SecurityBrief Asia - Technology news for CISOs & cybersecurity decision-makers
Story image
IriusRisk's latest threat modelling platform advances collaboration and visualisation
Fri, 3rd Dec 2021
FYI, this story is more than a year old

IriusRisk has launched V4 of its automated threat modelling platform, bringing a new user interface, visualisation tools and advanced analytics to users.

The new version of the platform is designed to make it easier for teams to generate threat models of systems, share them collaboratively across their organisation and demonstrate the impact of improved software security to executives within the business.

The updates to the IriusRisk platform in Version 4 include the following.

A new user interface: The more flexible, intuitive front-end allows for quicker access to and easier grouping of functional elements of the IriusRisk platform, which speeds up the process of creating and assessing threat models.

New user profiles also allow developers and security personnel to more easily manage their details within the platform.

New diagram design: Improved diagram styling reduces the visual load for the user, increases the consistency of visual information, and has improved accessibility and support for users with visual impairments.

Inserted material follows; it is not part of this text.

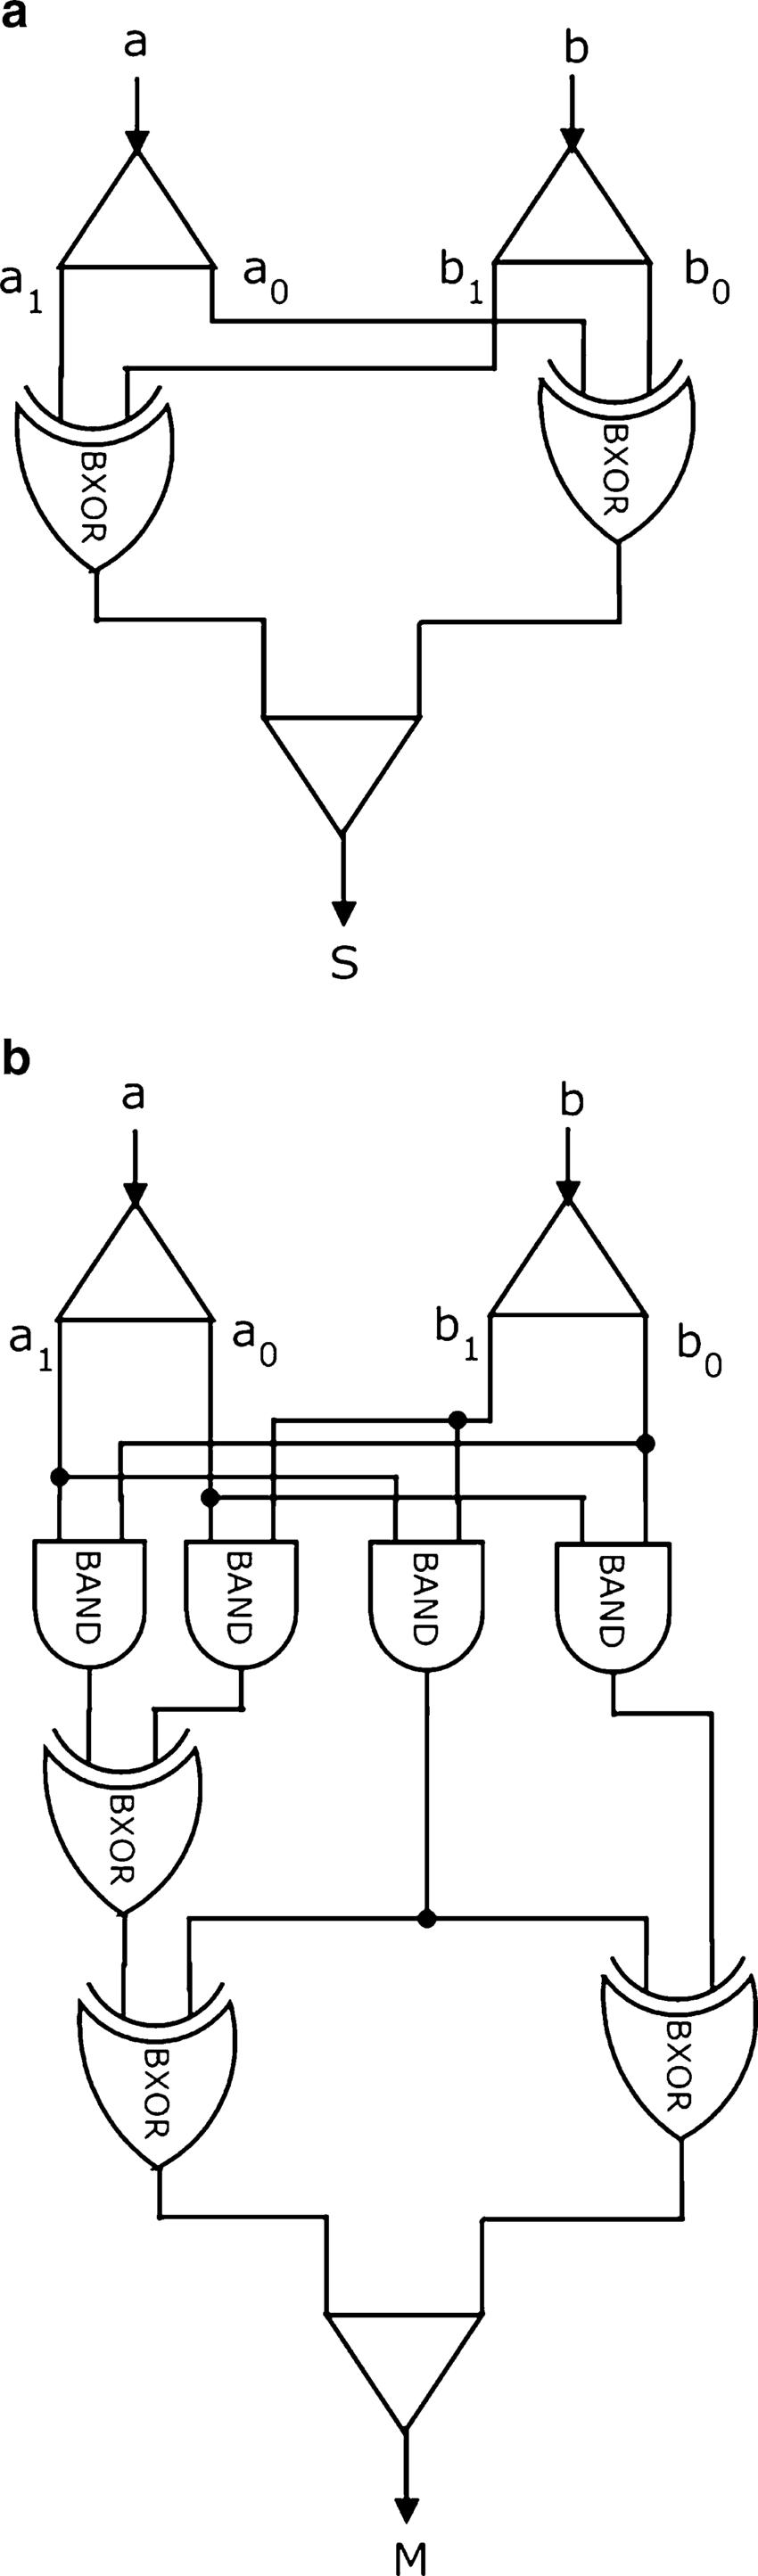 medium resolution of gf 4 a addition b multiplication circuit block diagram bxor binary xor gate
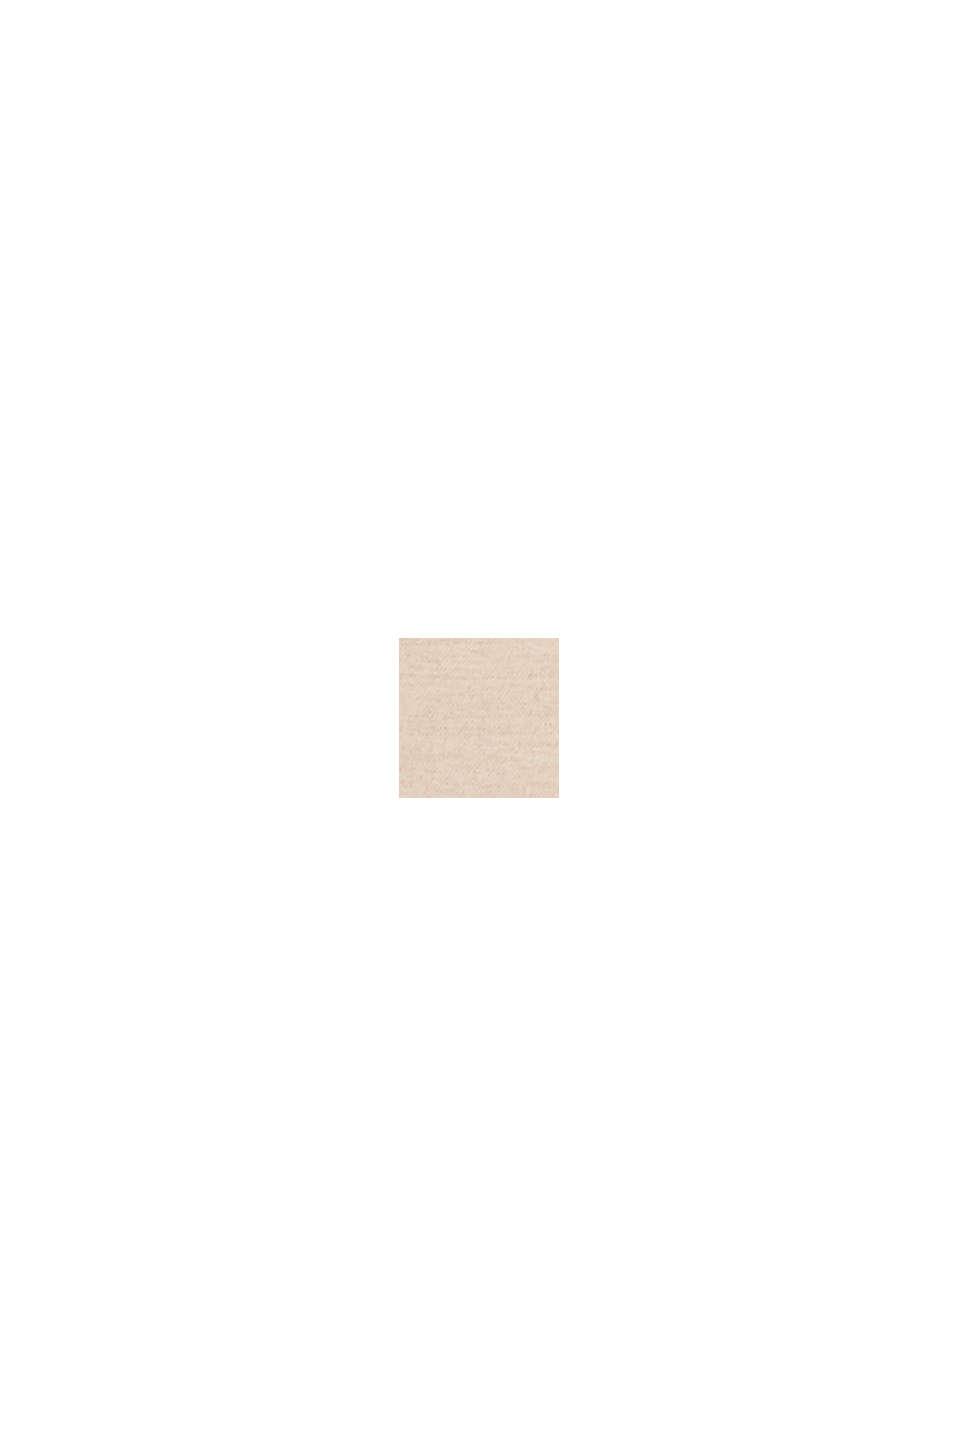 Culottebyxa i flanell med bred linning, LIGHT TAUPE, swatch

This helps teams to better identify the relationship between components in a diagram, quickly identify the important information, and ultimately derive more actionable insights from visualisations in the platform, the company states.

Components and collaboration: Software systems are increasingly interdependent - where a system created by one team could be consumed and used by many other teams.

With IriusRisk V4, these relationships can now be reflected in the threat models so that an entire system, with its internal threats modelled in IriusRisk, can be published as a component for other teams to use.

This published component will be visible in the component palette so that it can be included in other threat models as a pre-defined component.

Advanced analytics: A new embedded analytics and reporting system offers the power and flexibility of external Business Intelligence tools inside IriusRisk.

The ability to automatically generate reports on-demand across the entire IriusRisk dataset also enables teams to better present the ROI and progress of threat modelling to senior leadership.

IriusRisk VP of product Fraser Scott says, “This latest version of the IriusRisk platform marks a new level of maturity in the threat modelling world and will help us deliver on our ultimate objective: to make threat modelling an easily adoptable, mainstream practice.

"Usability is a major factor in this aim being realised because better security practices will never be adopted if teams see them as a blocker to development.

"This is why we work so closely with our customers and take on board their feedback to make our platform more intuitive, comprehensive, and easier to use.

"We will continue to innovate to provide our customers with the most sophisticated suite of threat modelling tools on the market, making our platform the de facto hub for organisations looking to achieve secure design.

IriusRisk CTO Paul Santapau says, “IriusRisk has already taken threat modelling from a static, slow and manual process that most organisations conducted on whiteboards, to an easily-implemented, automated security practice that can be scaled across a company's entire application portfolio.

"This latest release builds on that track record by making threat modelling more reportable, measurable, and understandable, even for senior leadership.

"These capabilities help progress the ambition to start security left in software development, by providing security architects and developers with increased ability to demonstrate how threat modelling is measurably improving cyber security within their organisation.